助成事業名 伝統文化などの地域資源を活用した交流事業
事業内容 2020年11月7日(土)に江戸優り佐原文化芸術祭実行委員会とともに歴史的建造物を活用し、地元佐原高校演劇部の活動の披露として「夏芙蓉」を上演。また、日本の伝統芸能である古典芸能の長唄・三味線・舞踊を披露。Withコロナの時代の芸術鑑賞の在り方の検証も含め開催した。 Withコロナの時代の芸術鑑賞の在り方の検証も含め開催した。
日本一の大土蔵の空間を活用し、入場者数を上限100名として、椅子間のソーシャルディスタンスを十分確保、入り口での検温・消毒を実施、安心安全を確保したうえで開催。
古典芸能の長唄による佐原音頭などプロの出演により鑑賞した。また、地元舞踊家の日本舞踊も披露。更に、地元高校の郷土芸能部による佐原囃子の演奏が披露され、参加者から大きな拍手があった。11月1日から6日間及び1 1月7・8日に日本遺産北総四都市江戸紀行、江戸を支えた北総の四都市のパネル展示を行った。

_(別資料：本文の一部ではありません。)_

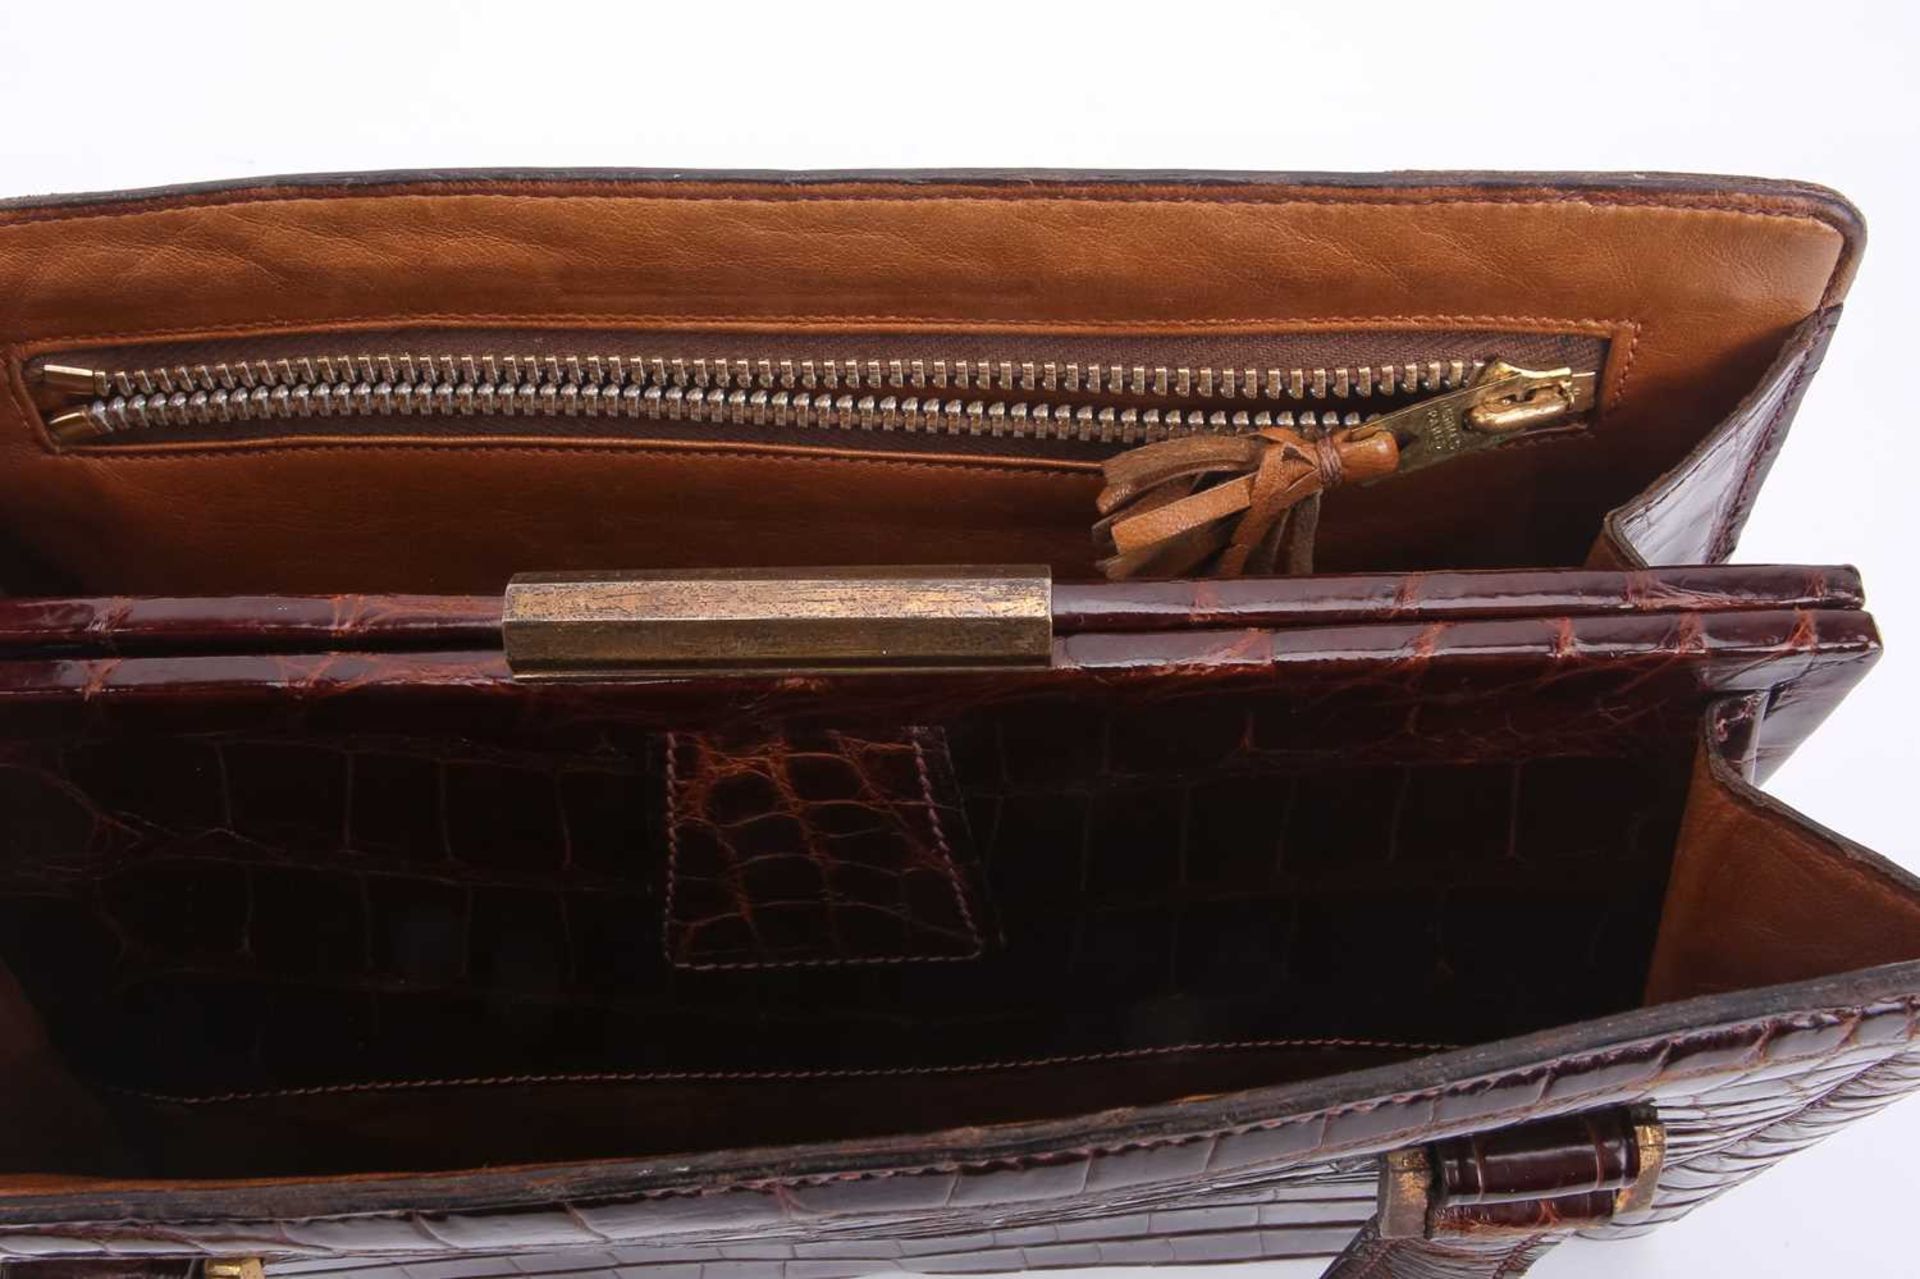 Hermès - a 'Pullman' handbag in brown crocodile skin, circa late 1930, a leather-lined structured - Image 8 of 12
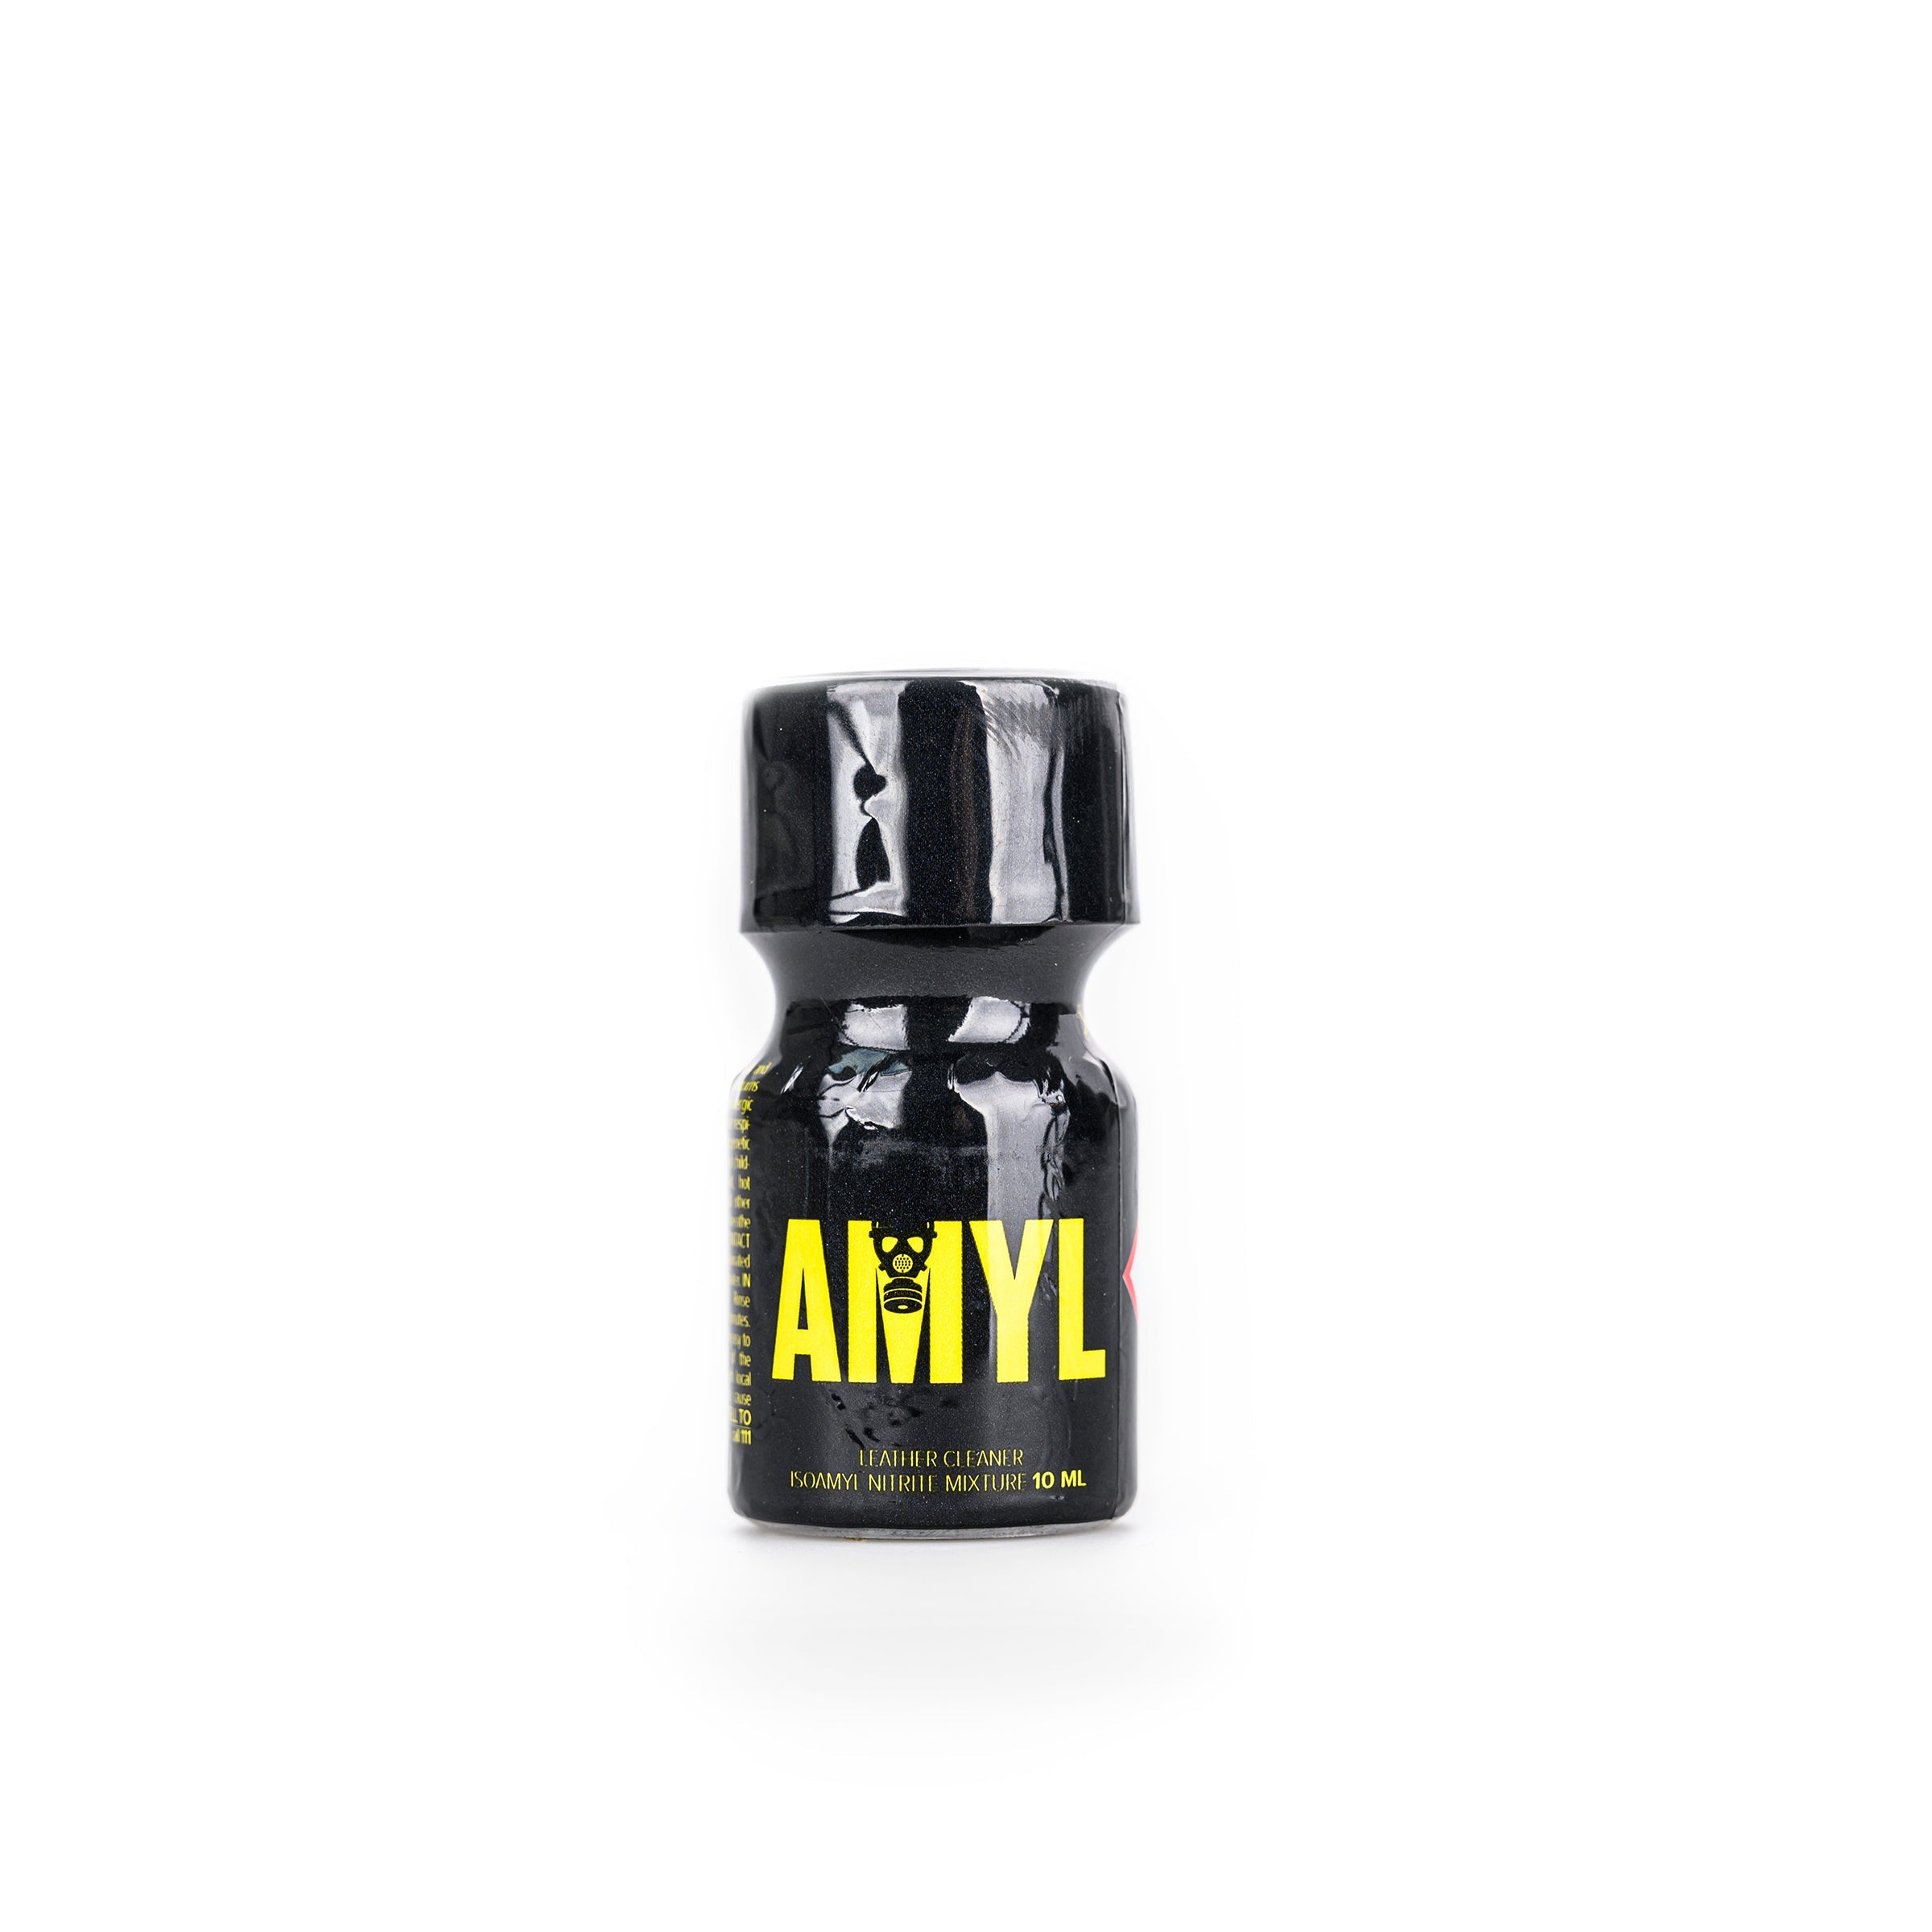 A product photo of a 10ml black bottle of Amyl brand poppers.

更に、コロナ禍で宴会ができない料亭の大広間の活用の在り様も踏まえ、お座敷で小人数での古典芸能を鑑賞する試みを行った。若手歌舞伎の囃子手を招聘して、取り組んだ。また、舞踊は藤間流の舞踊家を依頼し、佐原音頭の新たな振り付けによるものを鑑賞。プロによる古典芸能の披露は、日本の古典芸能を伝承させていくうえで重要なことであると思料された。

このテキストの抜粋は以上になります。